Friday, 12 March 2010

The Mirror World

I have been thinking recently about the terrors that everyday objects held for me when I was a child. I remember how I spent long periods of time staring into the mirror in my parents’ bedroom, checking that the room it showed me was exactly the same as the one in which I stood.

I would look very carefully at the position of an object in the room, try to fix it in my mind, then turn quickly and find it in the mirror, check to see that it wasn’t just a inch or two to the right or left. Then I would repeat the exercise with another object. I never managed to find any discrepancy.

But even when I found that the object and its mirror image were in exactly the same positions I was always convinced that I had not turned my head quickly enough. In that in-between instant, things had been altered in the mirror-world, put right, made respectable. I had been fooled again.

Sometimes I focused on my own appearance. If I raised my eyebrows did my twin in the mirror room raise his eyebrows equally quickly, or was there just the hint of a delay, just a moment when he realised what I was doing and copied the gesture?

Equally worrying was the window pane in the kitchen. It was made of beaded, or bubbled glass so as to make it opaque. When my mother or father were in the house it was no more than an ordinary window. But whenever I was left alone in the house, when my father was at work, my mother at church and my brothers elsewhere, then that glass would develop a life of its own, a menacing existence that only I was aware of.

At any moment I was certain, those beads of glass would detach themselves from the window and dance their way towards me, intent on consuming me utterly. I would stare at them furiously, fists clenched, letting them know that I was well aware of what they were plotting. I knew that if they called my bluff I wouldn’t stand a chance but still I was determined to render a good account of myself, to outface them, to go down fighting.

A few years ago in a primary school I overheard two young children talking. They weren’t aware that I was listening. One of them was describing the way that the leg of a table sometimes swarmed with patterns that turned into living things when her parents weren’t there. Cats, dogs, monsters even.

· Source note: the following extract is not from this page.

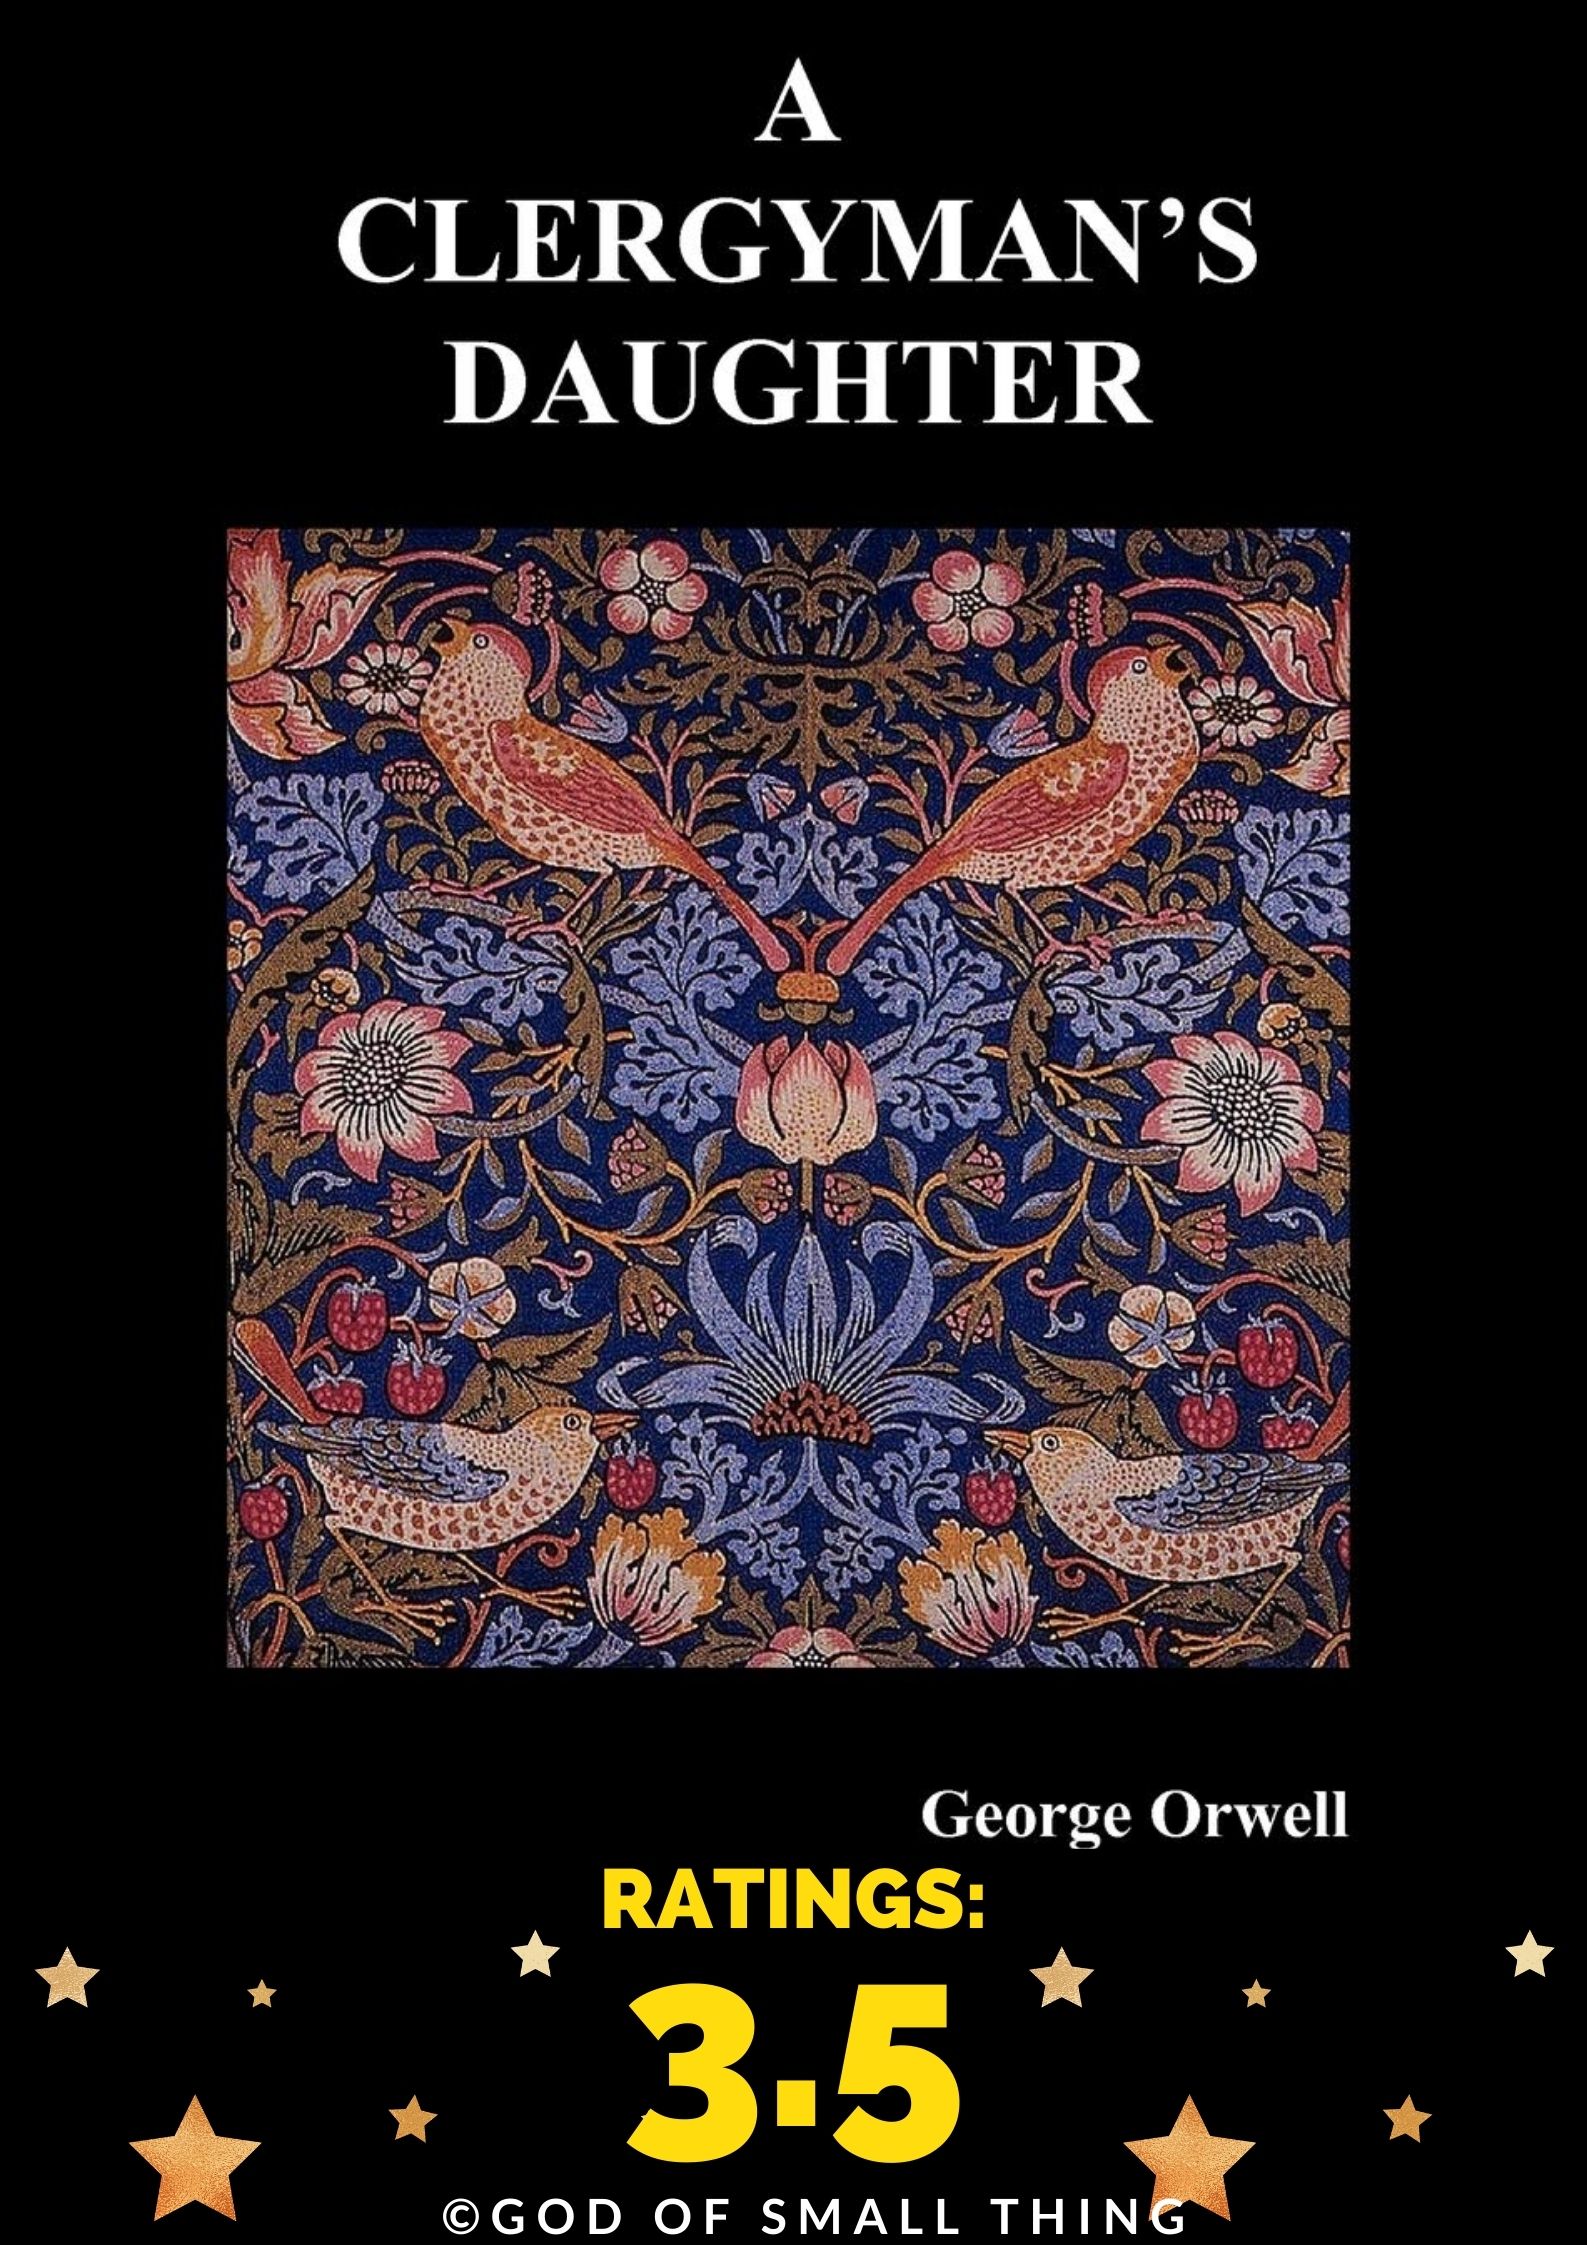 Best george orwell books A Clergyman’s Daughter by George Orwell

I wanted to crouch down and tell her, ‘I’ve seen that. I know about those bloody table legs. You can’t trust them as far as you can spit.’ But I didn’t. Instead I walked away, a little ashamed at eavesdropping on a world in which I no longer truly belonged, a world where the borders between the imagination and reality had yet to become entirely fixed.

5 comments:

Dolly said...

It's a shame adults feel inclined to leave everything of childhood behind. Though perhaps writers do get little bit good deal, since we see those monsters and moving furniture, even if we wouldn't admit to it in "grown-up" company, though I am used to insisting on value of imagination which gets me a lot of head-shaking from the too-logical people I am often surrounded by.

Paul said...

Fascinating. I'm sure I had similar irrational fears as a child, but I've managed to suppress them. Now all of my fears are completely rational and reasonable!

DT said...

I can see why you connect with your readers, Brian. You clearly have a direct line to the child you were and you articulate that very well now.

Brian Keaney said...

Thanks for your comments, everyone. Dolly you're right, it is a shame. But being a writer for children allows you to indulge your inner child more than most. Glad to hear about the rationality, Paul! Derek, thank you for that. It's certainly what I aspire to.

Liza Swift said...

I was always convinced that my dolls and teddies would jump up and begin talking to each other as soon as I left and scramble to get back into place when they heard me coming home. I sometimes closed the door whispering "please tidy my room for me", and was genuinely disappointed when I came home and they hadn't.

Though I am an adult I still believe there are secrets around us, whether it be fairies and gnomes or werewolves and vampires.
My imagination is too important for me to give it up to become an adult.